Pedestrian–Vehicle Interaction at Unsignalized Crosswalks
A systematic review was conducted following the Preferred Reporting Items for Systematic Reviews and Meta-Analyses (PRISMA), to generate a document that supports the development of future research, compiling the various studies focused on the analysis of the pedestrian-vehicle interaction at unsignalized crosswalks. Firstly, 381 studies were identified by applying the search protocol in the database sources; however, only nine studies were included in this review because most of the studies are not focused on this type of crosswalks or have not considered the micro-simulation perspective. For each study, an analysis of the used methodology for data collection was carried out, in addition to what type of model it was applied, including the variables that represent the PVI (Pedestrian-Vehicle Interaction). The outcomes obtained by this systematic review show that although the video camera observation technique is the most used, it is possible to complement them with other tools to add specific field information. Additionally, variables such as the adjacent yields, speed variables vehicles, pedestrian attitude, and the number of pedestrians waiting at the crossing were those most used in the cellular automata model or micro-simulation, which are the commonly developed models to simulate this interaction.

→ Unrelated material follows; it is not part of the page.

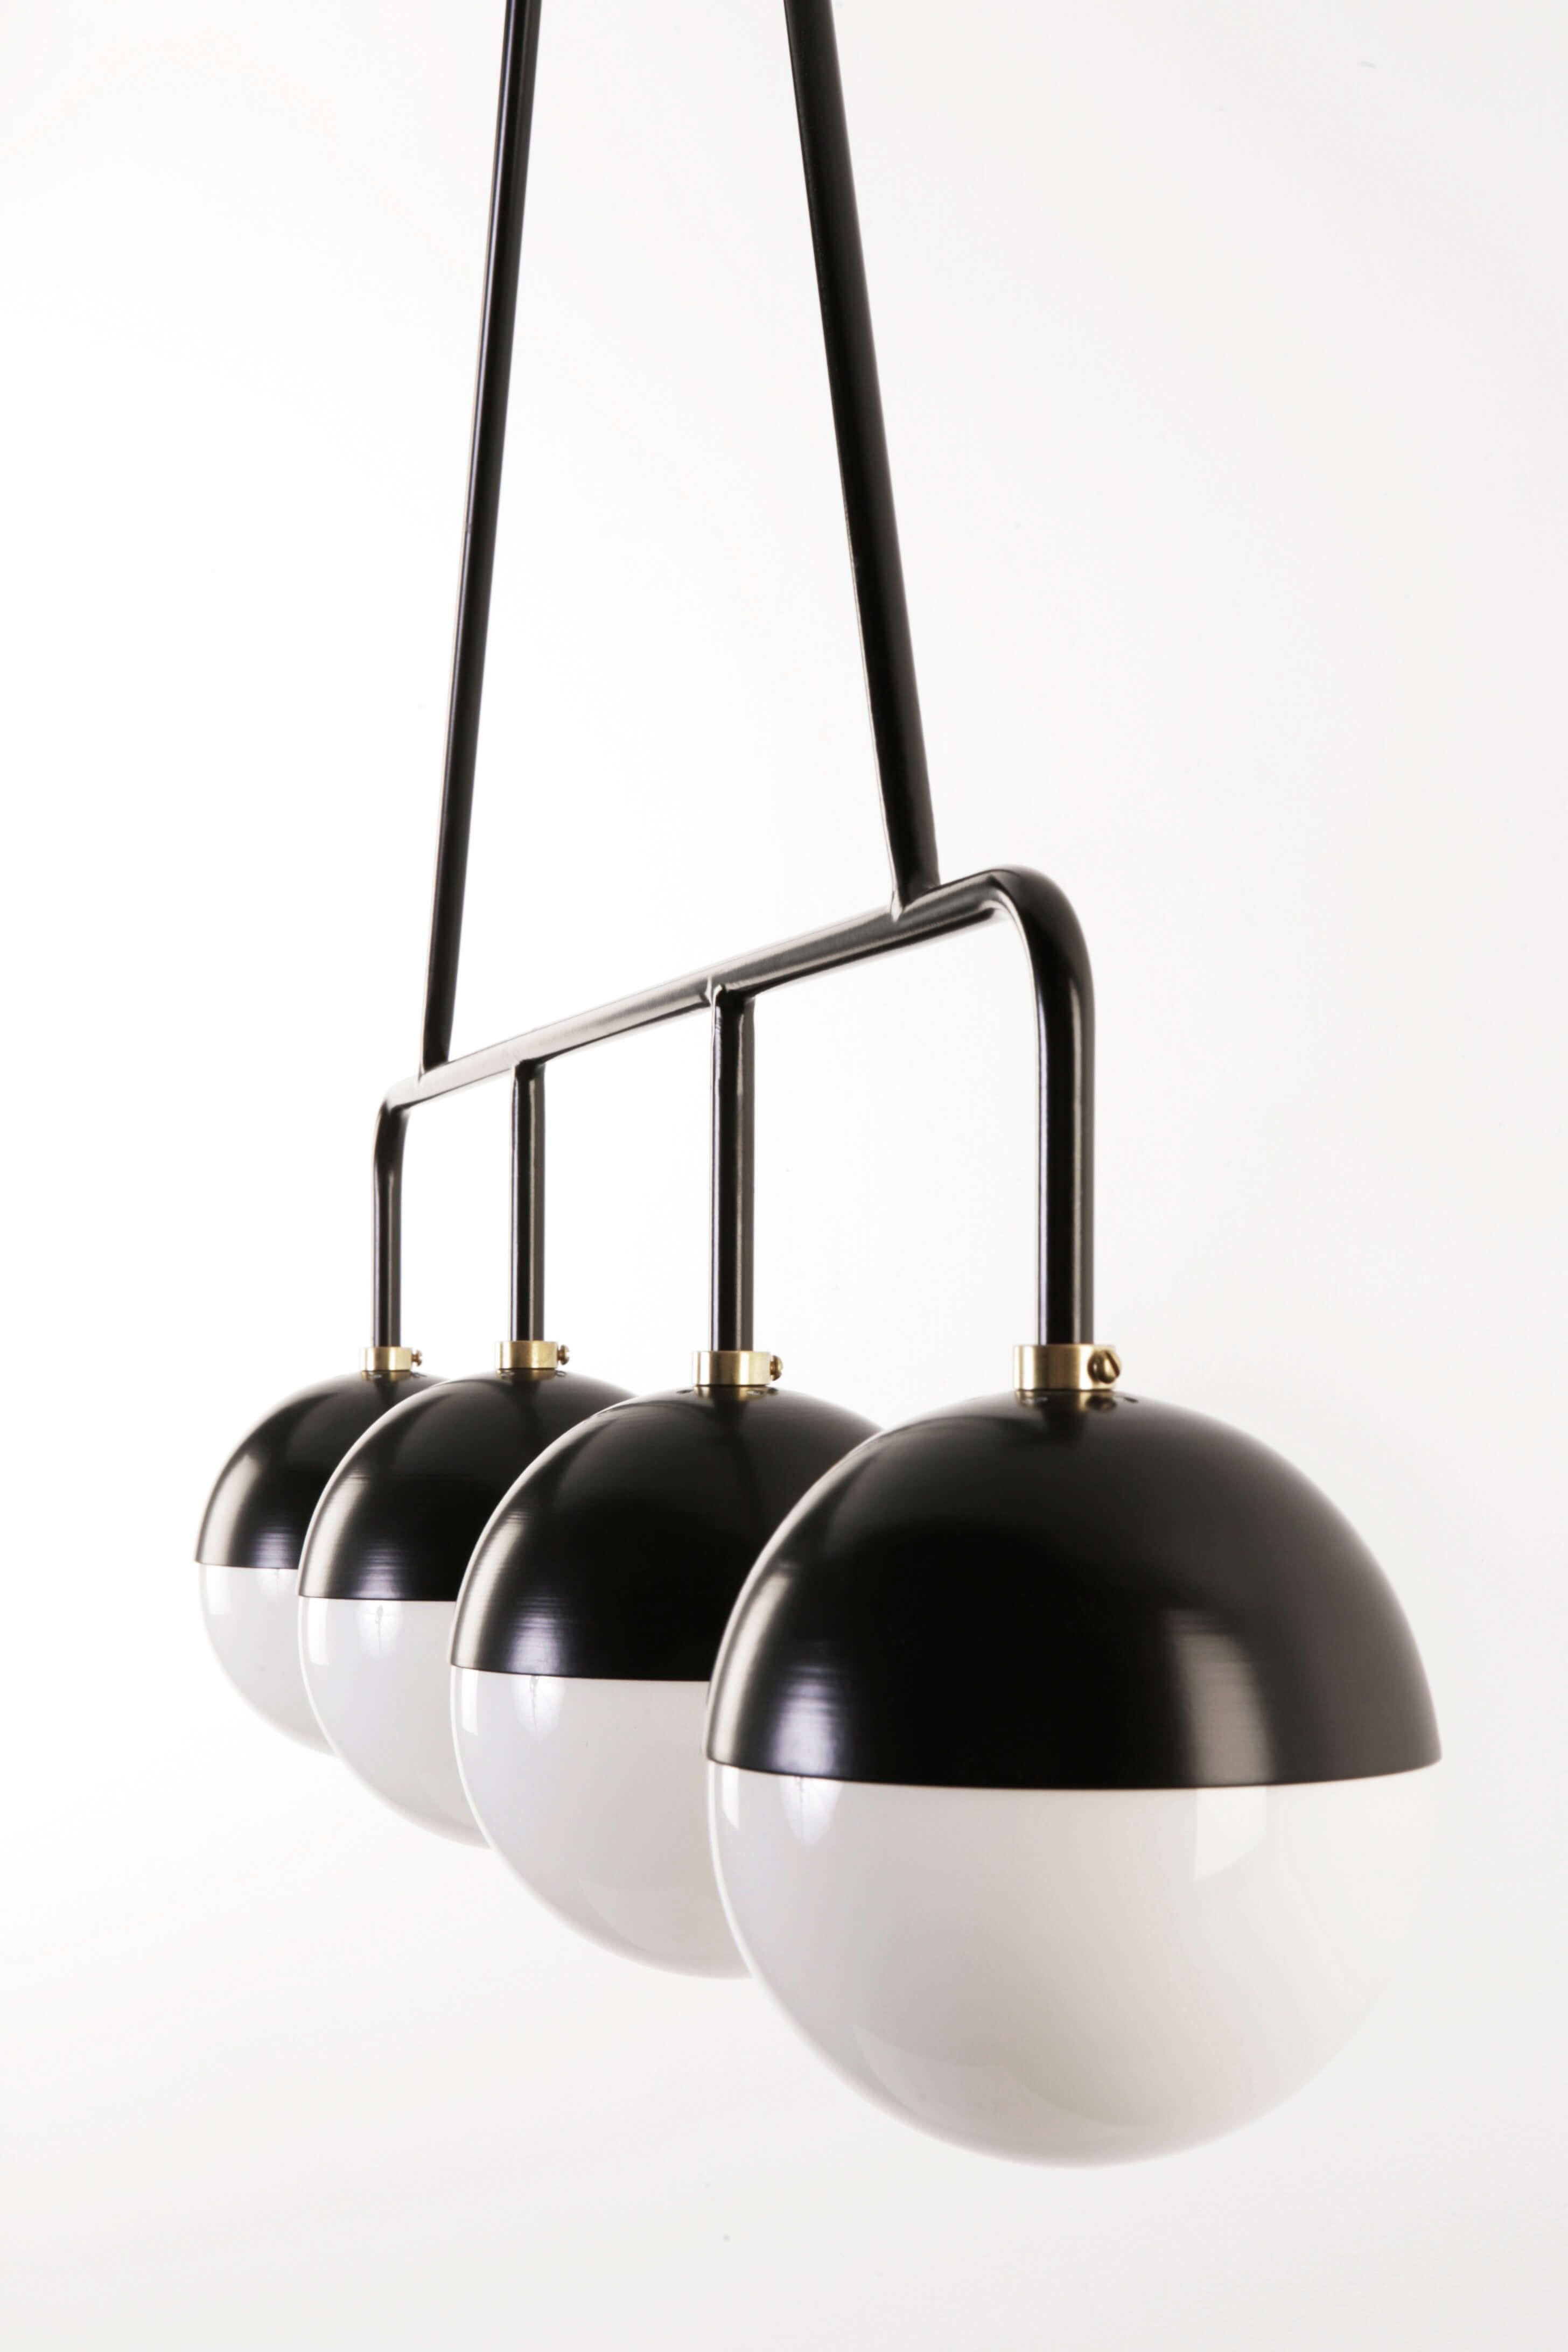 Playful and graphic, the Balise is inspired by the 1960s and the irreverence of Jean Roye're. The Bailse is fabricated in black powder-coated steel with a 6

According to the global status report on road safety for the year 2018 conducted by the World Health Organization (WHO), the problem of traffic fatalities is getting worse as they increased to 1.35 million in 2016. In other words, almost 3700 people die every day on the roads of the world []. Likewise, the same report highlighted that it is the eighth cause of death overcoming diseases such as HIV/AIDS, tuberculosis, and diarrheal diseases. Vulnerable road users such as the pedestrian, cyclist, and motorcyclist represent 54% of the deaths in 2016 (specifically the pedestrian represents 23%). The vulnerability presented by these users is due to the disadvantages they present in terms of protection, speed, and weight, with respect to the vehicle. This vulnerability of the human body should be a determining factor in the design of transit systems and the control of speed []. People who died, are injured, or end up disabled because of a collision, whether as a vulnerable road user or not, have a global social cost. According to Peden et al. [], the economic cost of crashes and injuries caused by traffic amounts is estimated to be 1% of the gross national product (GNP) in low-income countries, 1.5% in revenues medium, and 2% in high income.
The moment in which the desired movements of a pedestrian and a vehicle intercept (conflict), the so-called pedestrian-vehicle interaction (PVI) occurs, which is dynamic as it happens to depend on various factors and situations []. This interaction originates in pedestrian crossings with and without light signals, as in the case of intersections and mid-block crossings. Pedestrian crossings outside these crossings (also known as jaywalking) also generate this type of interaction. The type of interaction may vary depending on the geometry of the road where it occurs, legal restrictions, and the criteria of the driver and pedestrian []. It is important to mention that the interaction between the pedestrian and the vehicle is dominated by a non-verbal language. It can cause situations in which the pedestrian makes a decision considering the driver’s approval, but the latter makes an unexpected decision, bringing as a consequence a conflict or even an accident. According to Fu et al. [], the disposition of the driver to yield and the assertiveness of the pedestrian are one of the many factors that can influence this interaction.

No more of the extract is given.